From: jpero_at_cgo.wave.ca <(jpero_at_cgo.wave.ca)>
Date: Mon Dec 22 09:04:50 1997

Hi Hotze!

And, suited to anyone interested too.

This does not apply at all. MTBF is stat based on random pick and
project it and it's bandied about purely for marketing/relibility,
*Hmmtph!*. A year is about 8760 hours long and my real experience
tells me average especially for low end to barely medium end have
average of 3 years at MOST due to bit of substandard production used
to keep costs down. I have talked to someone and told me the major
differences in controlling this reliability (means it to last years
and years and years) was in all types of balancing, bearing runout,
top quality bearings and has rubber seals on them, coated housings
and very rigid design, spindle axle runout, spindle runout all made
to VERY TIGHT specs that micropolis used. Also the design of heads
arms and balance, flexing, damping and pulse train profile to make it
"cushy" seeks yet rapid is very important to lifespan of the HD.

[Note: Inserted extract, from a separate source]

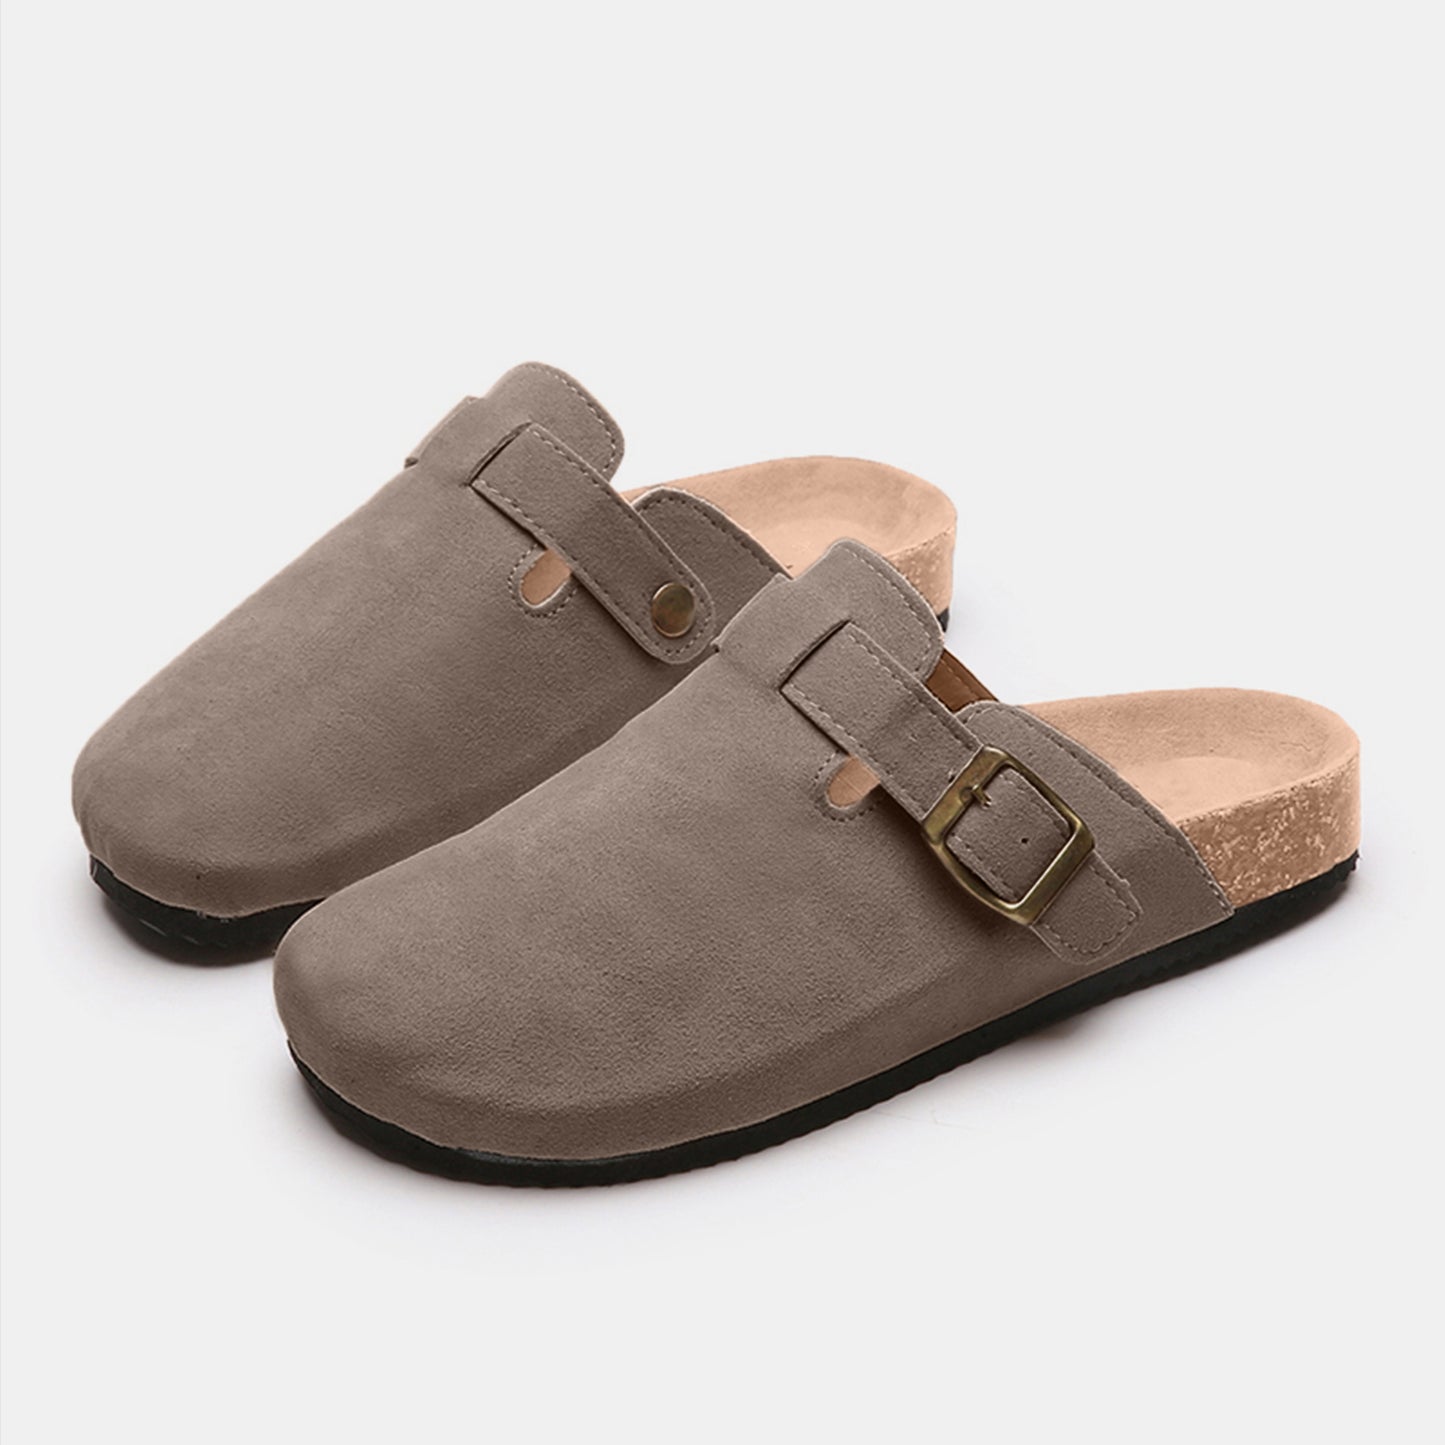 Suede Closed-Toe Buckle Slides

I've opened all kinds of hds including several failed micropoils
13xx series. I understood why. Tandon/early 40mb WD's used fine
regular ball bearings with bit looser specs, rack/p gearing, poor
designs, all of them died in short order, I have not seen one that is
still alive locally or at other few cities, same with miniscribe also
to lesser degree except for their rack/p gearing the worst one. WD
also did use that quality even with voice coil until recently
(hopefully!), ditto to early st251 and st125 series as well as few
early ST1144A/ST3144A series. DaeYoung indeed died young true to its
name, ditto to Kalok and Kocera. I did open the few Quantums
including ELS 85, this used a sealed bearing and manufacturing finish
and all was pretty good as top end types. I was glad that Quantums
learned their past mistakes quickly (My friend in computer business
sold over 300 quantums of all kinds from low end to mid and none came
back. There was one hd that dropped down flight of hard stairs that
worked for short time...true story.) as well as Seagate if even bit
slower. Maxtor is hit and miss and still have compatiabity problems,
(One brought up appox under 40 850mb, MTBF was in that range Hotze
indicated, lot and all of them died towards 1 year then failed in
large bunches, none survived past a year and half and they're not
that heavy use! Primarily in school use in their PC's teaching s/w
not h/w!) Have a 1355 w/ date production of about 1987 and couple of
CDC's and one Priam that had made when QC was high. All except for
1355 are appox 60-80mb full height catorgy.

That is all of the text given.